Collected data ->
§
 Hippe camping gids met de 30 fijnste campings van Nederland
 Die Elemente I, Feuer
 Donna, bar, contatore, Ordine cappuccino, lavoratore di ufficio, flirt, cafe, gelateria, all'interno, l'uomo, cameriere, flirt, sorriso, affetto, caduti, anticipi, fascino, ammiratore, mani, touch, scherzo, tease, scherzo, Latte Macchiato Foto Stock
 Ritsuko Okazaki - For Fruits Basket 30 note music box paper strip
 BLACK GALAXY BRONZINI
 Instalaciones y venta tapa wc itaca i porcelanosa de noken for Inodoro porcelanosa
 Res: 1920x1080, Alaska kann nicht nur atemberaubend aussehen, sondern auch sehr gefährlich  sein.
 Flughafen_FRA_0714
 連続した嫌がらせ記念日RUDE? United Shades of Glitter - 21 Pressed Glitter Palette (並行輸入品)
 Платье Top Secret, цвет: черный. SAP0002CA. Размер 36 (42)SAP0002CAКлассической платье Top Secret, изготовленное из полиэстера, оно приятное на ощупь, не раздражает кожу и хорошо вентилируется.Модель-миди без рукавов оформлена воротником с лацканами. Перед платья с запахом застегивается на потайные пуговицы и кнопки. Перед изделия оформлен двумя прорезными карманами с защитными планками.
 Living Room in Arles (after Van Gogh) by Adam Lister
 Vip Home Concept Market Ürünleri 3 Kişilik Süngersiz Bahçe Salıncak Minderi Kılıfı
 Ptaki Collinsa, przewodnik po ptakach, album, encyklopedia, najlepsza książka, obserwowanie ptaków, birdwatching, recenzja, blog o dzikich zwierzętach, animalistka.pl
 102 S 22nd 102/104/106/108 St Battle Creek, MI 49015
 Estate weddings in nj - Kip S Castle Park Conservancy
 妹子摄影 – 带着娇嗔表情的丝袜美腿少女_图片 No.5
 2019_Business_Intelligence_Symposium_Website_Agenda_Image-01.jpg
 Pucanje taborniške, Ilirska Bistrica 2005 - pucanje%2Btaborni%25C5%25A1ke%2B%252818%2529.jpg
§
Exercise objective ->
All of the data needs to be repeated exactly.

Problem solution ->
 Hippe camping gids met de 30 fijnste campings van Nederland
 Die Elemente I, Feuer
 Donna, bar, contatore, Ordine cappuccino, lavoratore di ufficio, flirt, cafe, gelateria, all'interno, l'uomo, cameriere, flirt, sorriso, affetto, caduti, anticipi, fascino, ammiratore, mani, touch, scherzo, tease, scherzo, Latte Macchiato Foto Stock
 Ritsuko Okazaki - For Fruits Basket 30 note music box paper strip
 BLACK GALAXY BRONZINI
 Instalaciones y venta tapa wc itaca i porcelanosa de noken for Inodoro porcelanosa
 Res: 1920x1080, Alaska kann nicht nur atemberaubend aussehen, sondern auch sehr gefährlich  sein.
 Flughafen_FRA_0714
 連続した嫌がらせ記念日RUDE? United Shades of Glitter - 21 Pressed Glitter Palette (並行輸入品)
 Платье Top Secret, цвет: черный. SAP0002CA. Размер 36 (42)SAP0002CAКлассической платье Top Secret, изготовленное из полиэстера, оно приятное на ощупь, не раздражает кожу и хорошо вентилируется.Модель-миди без рукавов оформлена воротником с лацканами. Перед платья с запахом застегивается на потайные пуговицы и кнопки. Перед изделия оформлен двумя прорезными карманами с защитными планками.
 Living Room in Arles (after Van Gogh) by Adam Lister
 Vip Home Concept Market Ürünleri 3 Kişilik Süngersiz Bahçe Salıncak Minderi Kılıfı
 Ptaki Collinsa, przewodnik po ptakach, album, encyklopedia, najlepsza książka, obserwowanie ptaków, birdwatching, recenzja, blog o dzikich zwierzętach, animalistka.pl
 102 S 22nd 102/104/106/108 St Battle Creek, MI 49015
 Estate weddings in nj - Kip S Castle Park Conservancy
 妹子摄影 – 带着娇嗔表情的丝袜美腿少女_图片 No.5
 2019_Business_Intelligence_Symposium_Website_Agenda_Image-01.jpg
 Pucanje taborniške, Ilirska Bistrica 2005 - pucanje%2Btaborni%25C5%25A1ke%2B%252818%2529.jpg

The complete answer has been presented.